Las clases productoras son el sostén de la sociedad, son la sociedad misma, pues sin ellas no hay sociedad posible.

Siendo esto tan cierto, que no puede ponerse en duda por ningún hombre de mediano juicio, ¿no parece lógico que la instrucción, la riqueza, los derechos políticos, todas las garantías y consideraciones sociales, fueran patrimonio de aquellos a quienes la sociedad necesita más, sin cuyo trabajo no podría existir? Sin embargo, no sucede así: lejos de eso, trabajador y pobre son sinónimos, y basta pertenecer a esa clase para estar excluido de todos los goces, derechos y consideraciones, prodigadas a manos llenas a los que viven de explotar la sociedad.

Hoy, como hace dos mil años, el trabajador es esclavo de los hombres y de las cosas; produce para que otros consuman; da sus [32] hijos para la defensa de unas leyes hechas contra él por sus opresores, y vierte su sangre para conservar la independencia de una patria en que vive esclavo, en la que no le pertenecen más que seis pies de tierra, el día en que deja la pesada carga de la vida.
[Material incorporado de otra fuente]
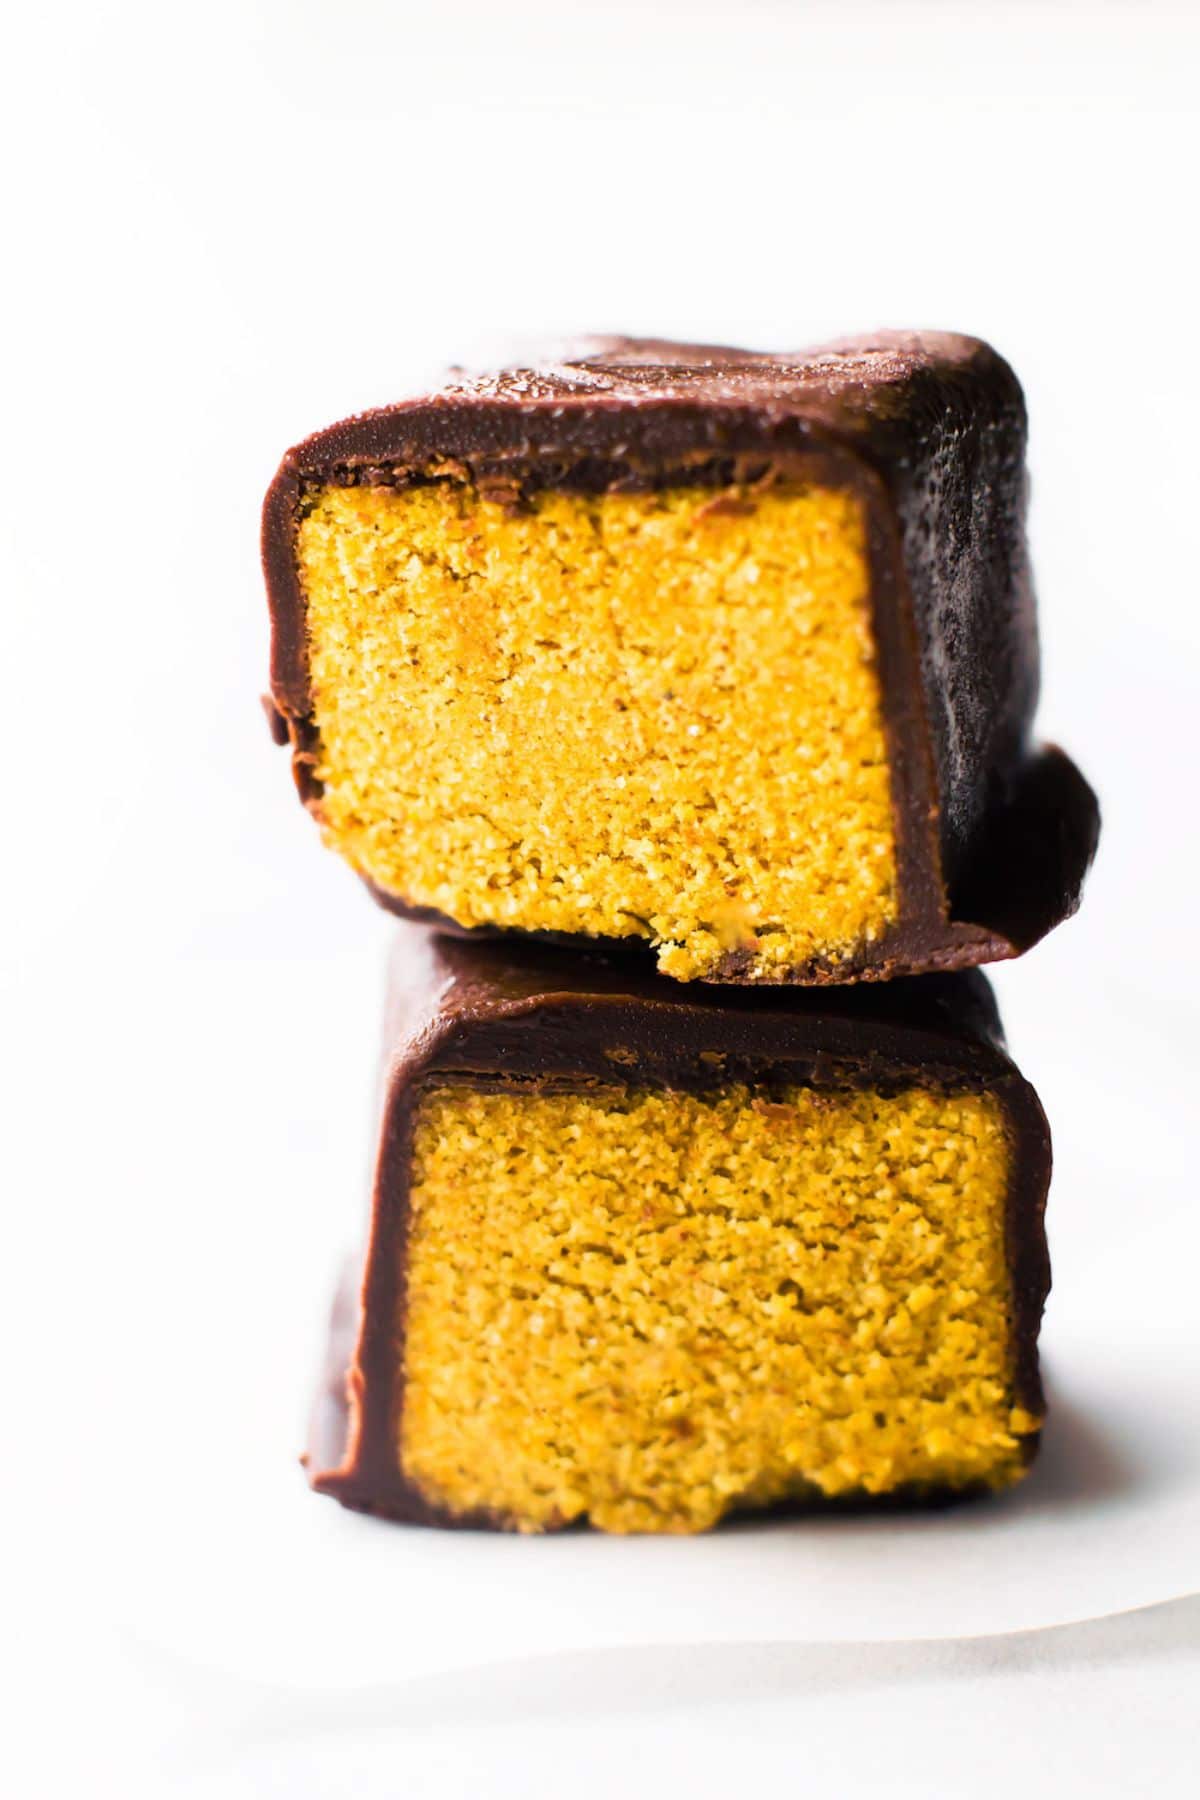 2 vegan pumpkin spice truffle bars cut in half to show their middles, sit on top of each other
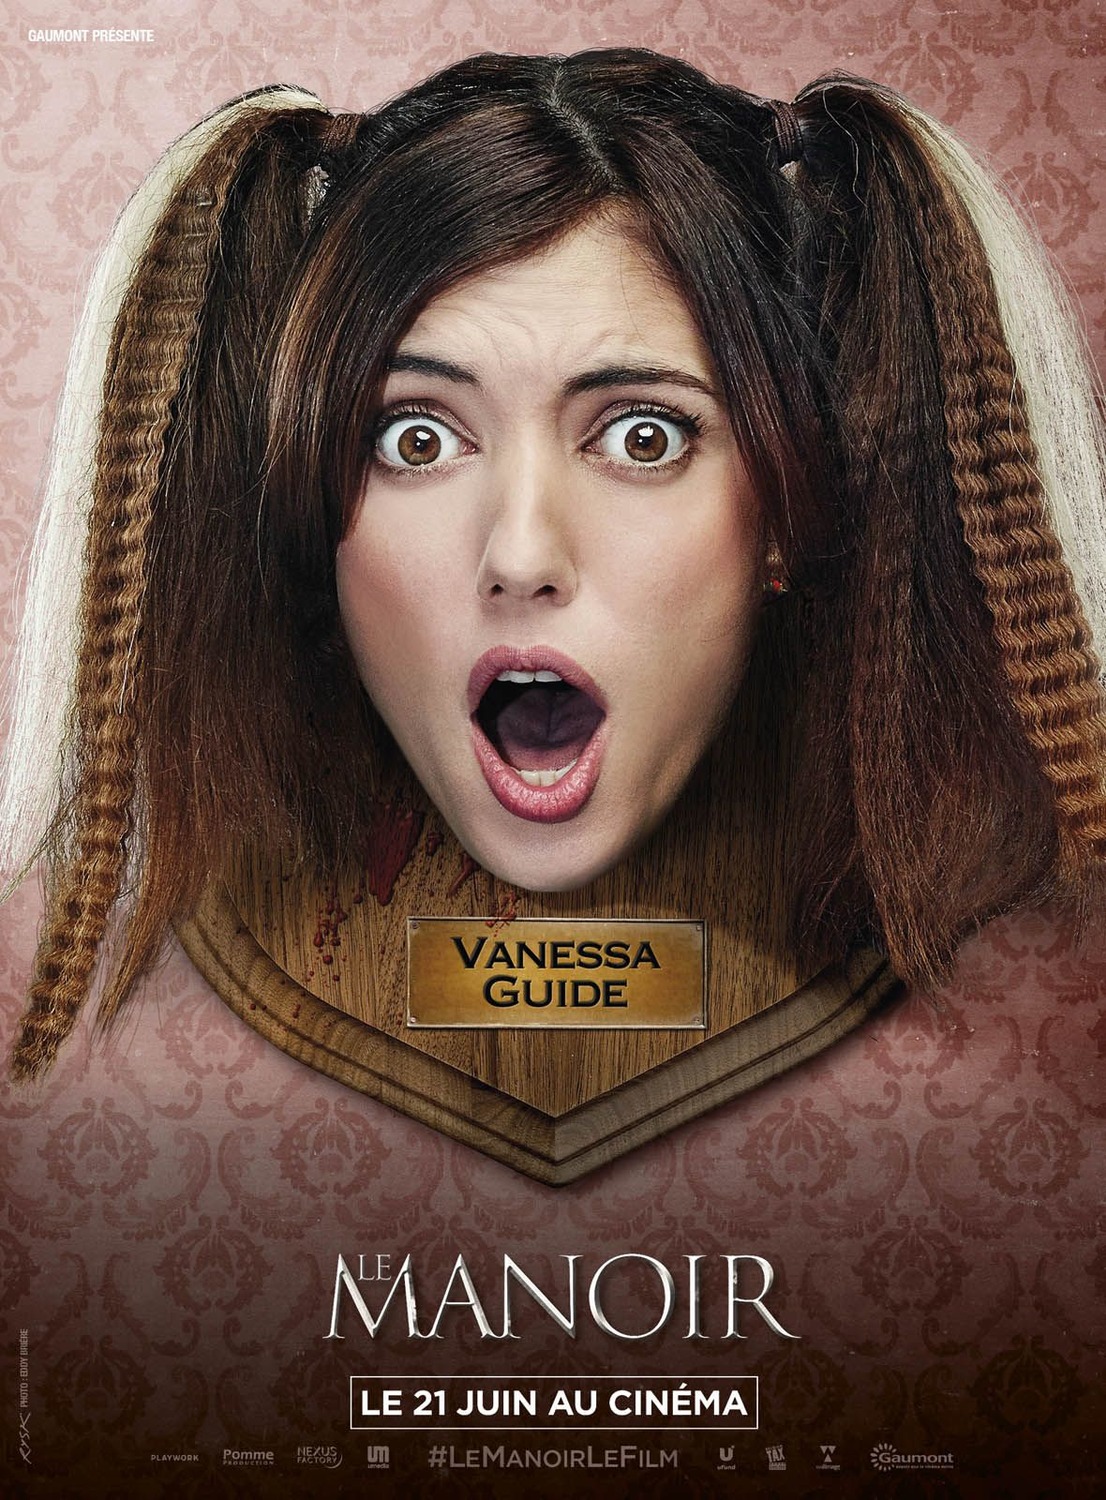 Extra Large Movie Poster Image for Le manoir (#7 of 11)

Esta horrible injusticia, que no podría concebirse si no fuera un hecho prolongado desgraciadamente durante miles de años, ha pasado por diversas fases. Al principio la sociedad se dividía en castas: una de trabajadores esclavos, otra de consumidores libres. Después la forma de la esclavitud se modificó: ya no hubo castas condenadas fatal y exclusivamente al trabajo y a la esclavitud; hubo lucha, y los vencidos fueron trabajadores y esclavos de los vencedores, que no hacían más que consumir y guerrear para aumentar el número de los esclavos que trabajaban para ellos.

Modificado después profundamente, en la Edad media, el derecho de la fuerza y de la conquista, se transformó en servidumbre la esclavitud de los trabajadores. Entrados más tarde en el régimen de la libertad y de igualdad, proclamados por la civilización moderna, la servidumbre fue reemplazada por el proletariado, o esclavitud indirecta. [33] Hoy no hay ya esclavos ni siervos, pero hay proletarios que trabajan y no consumen; que nacen, viven y mueren en la miseria, esclavos del primer amo que les depara la suerte.

En este nuevo régimen, que es para las clases productoras un progreso más moral que efectivo, relativamente a su condición anterior, la esclavitud, más disimulada, pierde el carácter odioso de la violencia, parece un acto voluntario, y puede suceder, como en efecto sucede, alguna vez, que el rico de ayer, pobre hoy, entre en la masa de los esclavos que buscan amo a trueque de un pedazo de pan, y que el trabajador de ayer, rico hoy por un azar de la suerte, pertenezca a la privilegiada familia de los que viven del trabajo ajeno.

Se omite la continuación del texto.